"Wort zur Woche" vom 6. Januar 2019

   Pfarrer Hartmut Lauterbach


„Ein gesegnetes neues Jahr!“ – so wünschen wir einander zu Beginn des neuen Jahres und das ist gut so, denn: Gott gibt uns den Auftrag einander zu segnen. Gott spricht zu Mose (und wir sollen uns angesprochen fühlen): "So sollt ihr sagen zu den Israeliten, wenn ihr sie segnet: Der Herr segne dich und behüte dich; der Herr lasse sein Angesicht leuchten über dir und sei dir gnädig; der Herr hebe sein Angesicht über dich und gebe dir Frieden."(4. Buch Mose 6,22-26) Segen ist also etwas, was direkt von Gott kommt. So ist das bis heute geblieben.

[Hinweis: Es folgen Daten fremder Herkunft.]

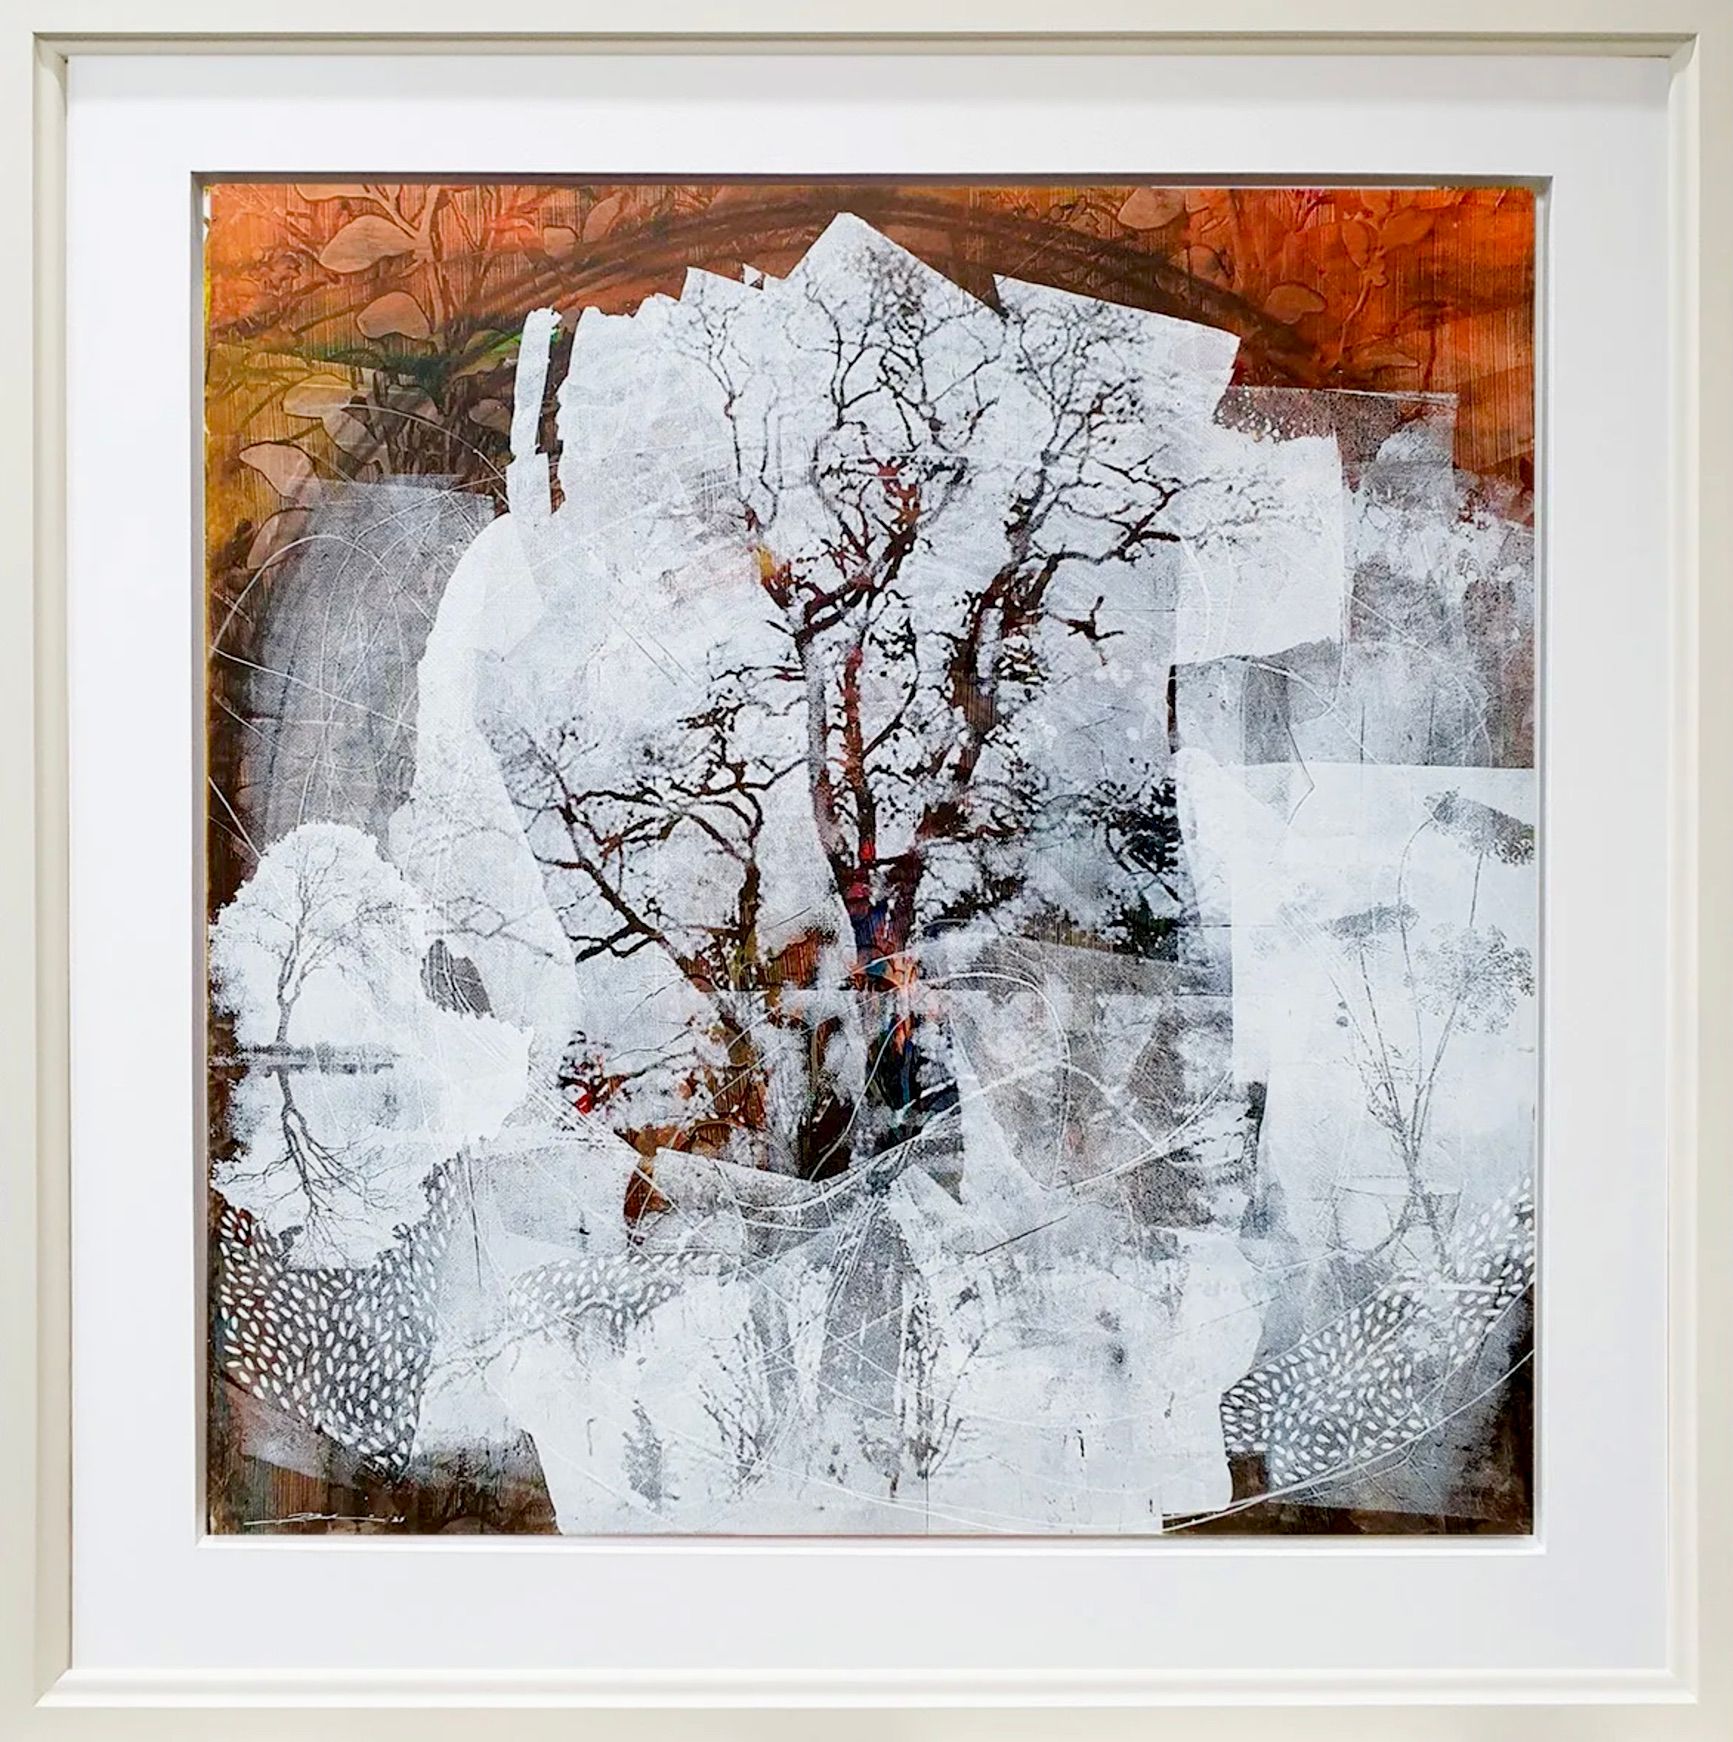 Dieter Nusbaum abstrakte Malerei Siebdruck Baum ohne Blätter und wild Blumen Illustration Natur Formen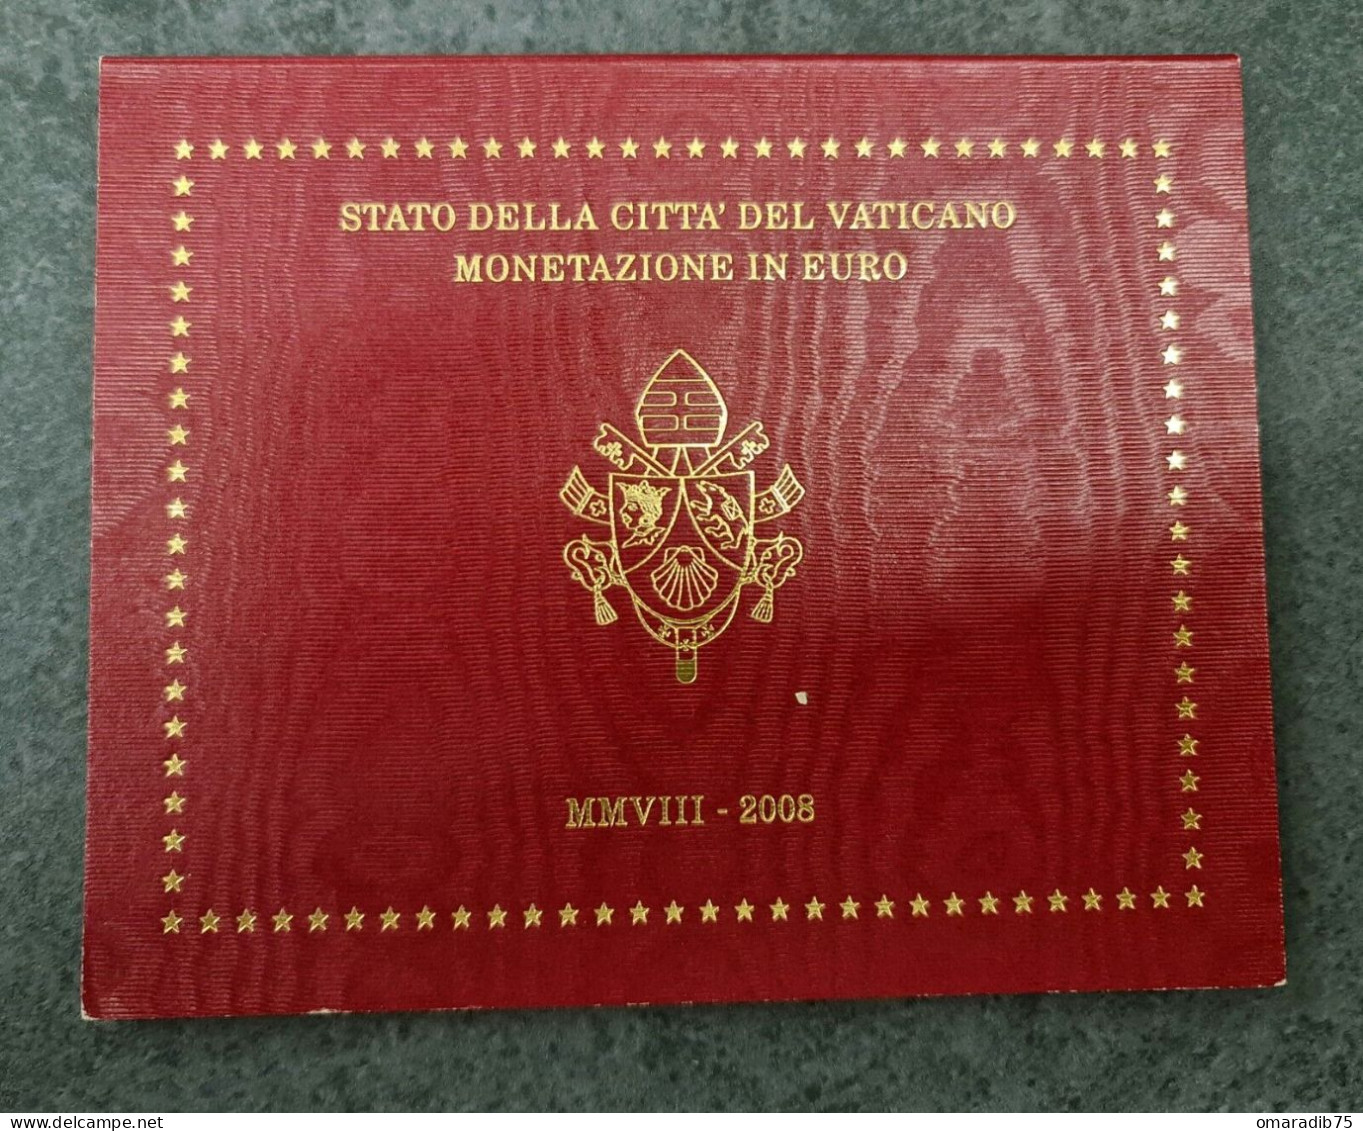 VATICAN Coffret Euros Vatican 2012 BE PROOF FDC - Vaticano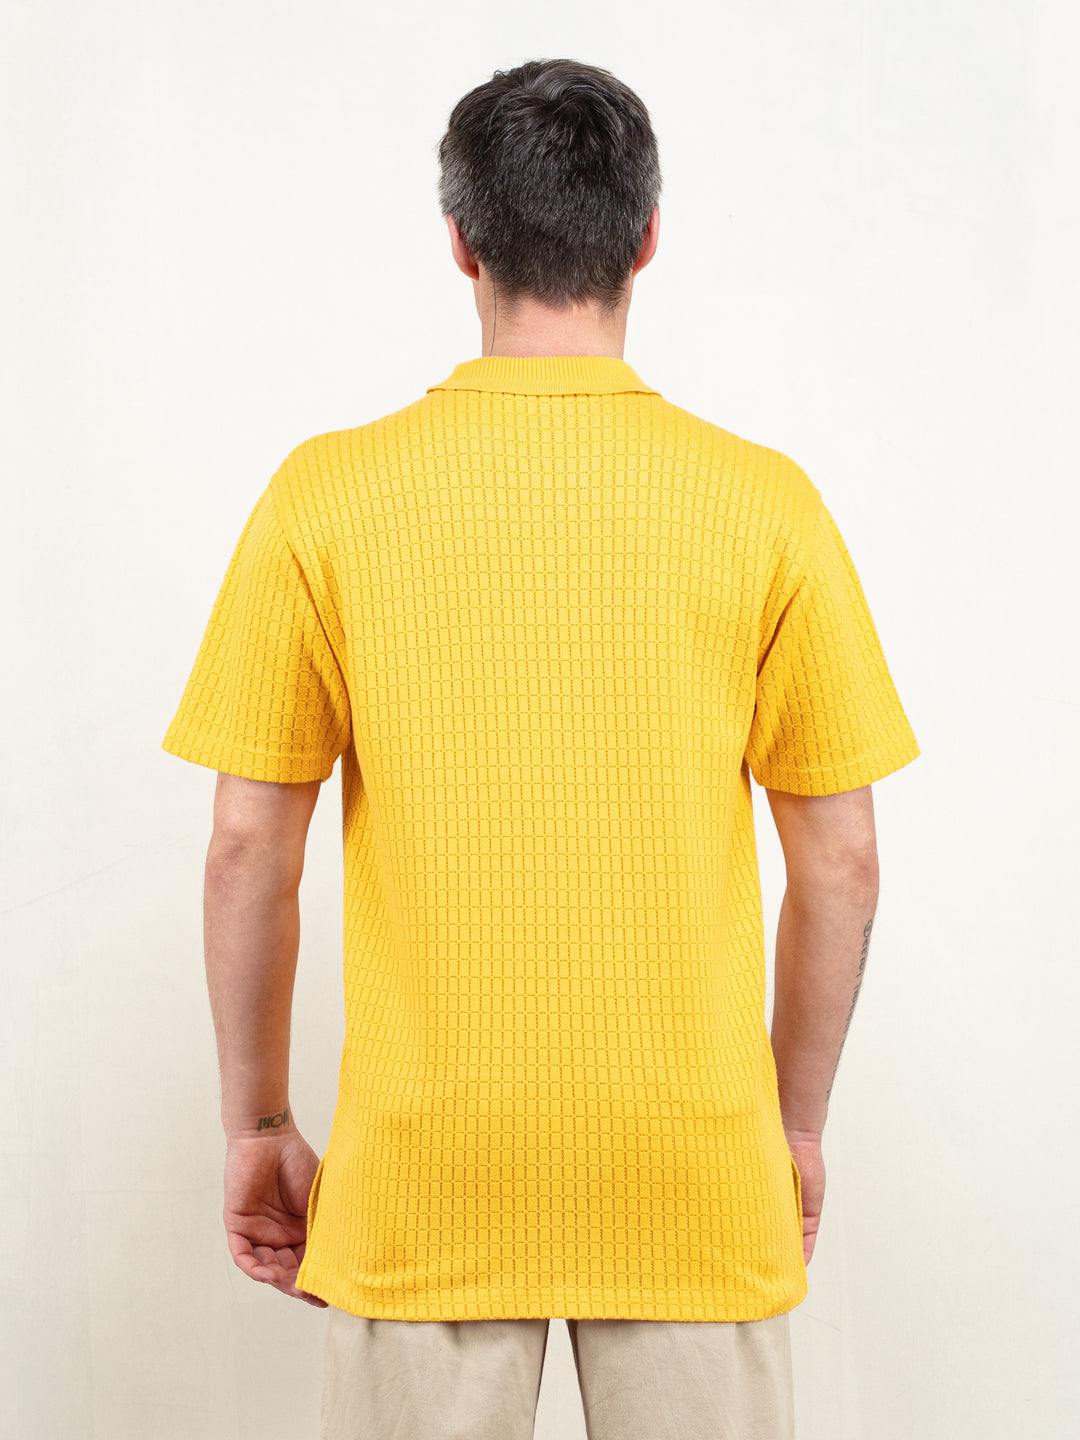 Men Knitted T-shirt 80s yellow cotton knit zip neck collared polo shirt men sun yellow short sleeve polo shirt summer t-shirt size medium

Das Leben beginnt mit Segen. Wer sein Kind zur Taufe bringt, vertraut es dem Himmel an. Das Kind soll nicht allein auf Erden gebunden sein, es soll auch stets mit dem Himmel verbunden bleiben. Der Segen wiederholt sich an jedem Sonntag im Gottesdienst und an den Marksteinen des Lebens: bei der Konfirmation (Kommunion, Firmung), bei der Eheschließung, in Stunden der Krankheit, zu großen Reisen oder anderen Vorhaben, die ein Wagnis in sich tragen, in der Stunde des Todes. Segen ist, was dem Sinn vorausgeht. Bevor überhaupt ein Sinn erkennbar wird, legt uns Gott schon seine Hände auf und schenkt uns seinen Frieden.
Darum sollten wir auch selber wieder wagen, einander still zu segnen. Entweder in einem Gebet, in dem wir für jemanden Gottes Segen erbitten. Oder wirklich so, dass wir einem Menschen die Hand auflegen oder ihm ein kleines Kreuz auf die Stirn machen mit den Worten „Behüte dich Gott“. Das sind Augenblicke, die wir nicht einfach herbeiführen können. Aber manchmal bietet es sich doch an. Das Kind verreist, der Großvater muss ins Krankenhaus, die Arbeitsstelle ist in Gefahr. Das könnte ein Augenblick sein, wo ein Mensch in sich den Mut fasst, die andere Person zu segnen. Vor allem Verstehen steht der Segen, den Gott durch Menschen erteilt. Und dieser Mensch kann auch ich sein.